China has launched an unmanned spacecraft on a nearly two-month journey to gather rocks and soil from the moon’s far side, becoming the first country to undertake such an ambitious task.

China’s heaviest rocket, the Long March-5, lifted off at 5:27 p.m. Beijing time (0927 GMT) from the Wenchang Space Launch Center on the southern island of Hainan, carrying the Chang’e-6 probe weighing more than 8 metric tons.

China’s Chang’e-6 is entrusted with landing in the South Pole-Aitken Basin on the moon’s far side, which is continuously facing away from Earth, and retrieving and returning samples.

The launch is another significant milestone in China’s lunar and space exploration mission.

“It is a bit of a mystery to us how China has been able to develop such an ambitious and successful programme in such a short time,” said Pierre-Yves Meslin, a French researcher working on one of the Chang’e-6 mission’s scientific objectives.

In 2018, Chang’e-4 made China’s first unmanned moon landing on the far side.
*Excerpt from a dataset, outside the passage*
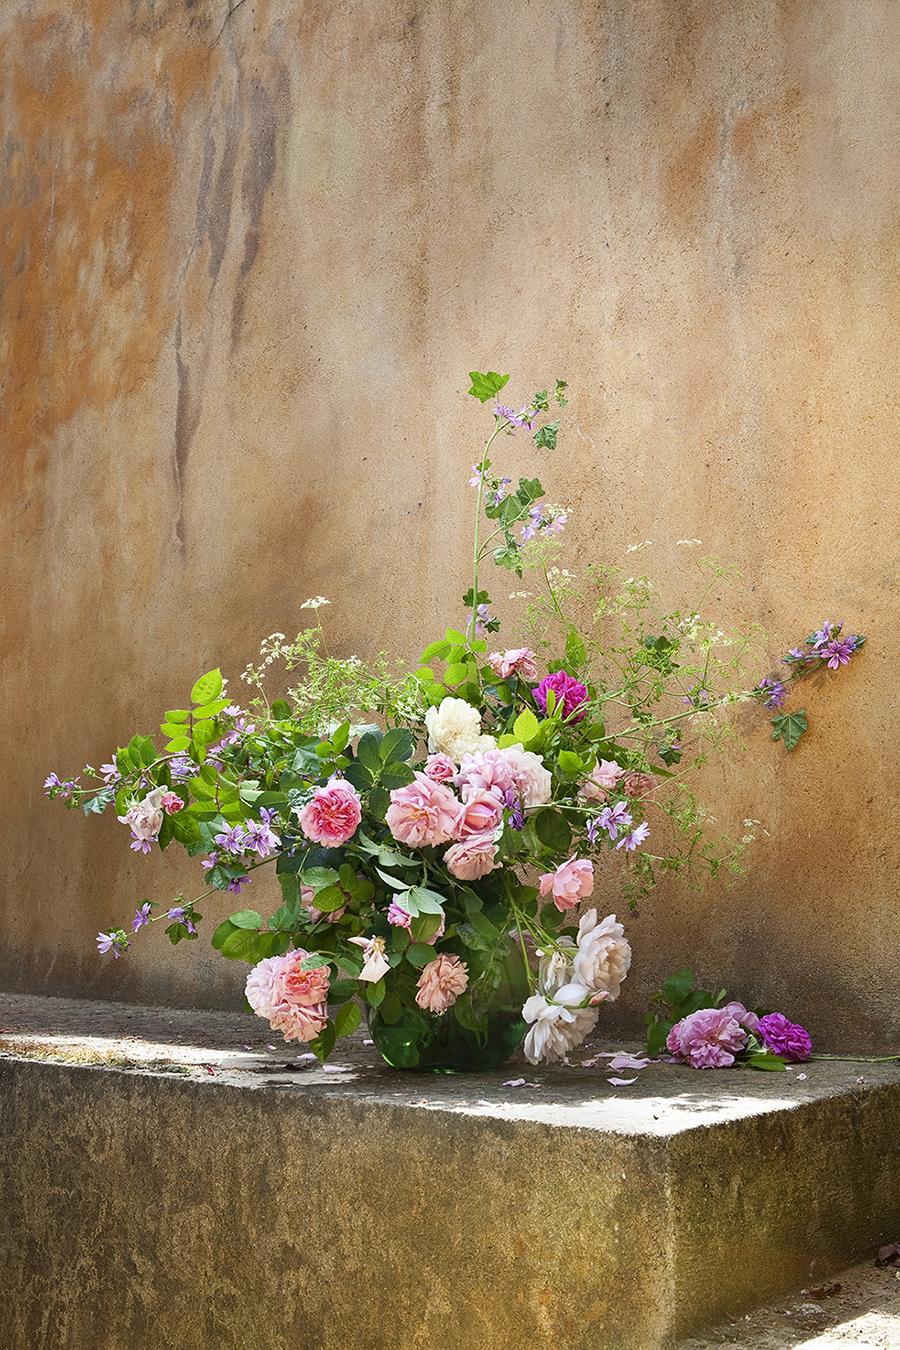 *** Local Caption *** Flores / arreglo floral / obra de InÈs Urquijo NUEVO ESTILO 460 01/07/2016 P6 P146

Chang’e-5 returned lunar samples for the first time in 44 years in 2020, and Chang’e-6 has the potential to make China the first country to retrieve samples from the moon’s “hidden” side.

Scientists, diplomats, and space agency officials from France, Italy, Pakistan, and the European Space Agency all attended the launch, which carried moon-study payloads on Chang’e-6.

However, no US groups requested for a payload place, according to Ge Ping, deputy director of the China National Space Administration’s (CNSA) Lunar Exploration and Space Program.

U.S. law prohibits China from collaborating with the United States’ space agency, NASA.

The Dark Side of the Moon

The far side of the moon, also known as the “dark side of the moon” despite receiving sunlight, is the hemisphere that always faces away from Earth. The Soviet Luna 3 spacecraft made the first observation of this strange region in 1959.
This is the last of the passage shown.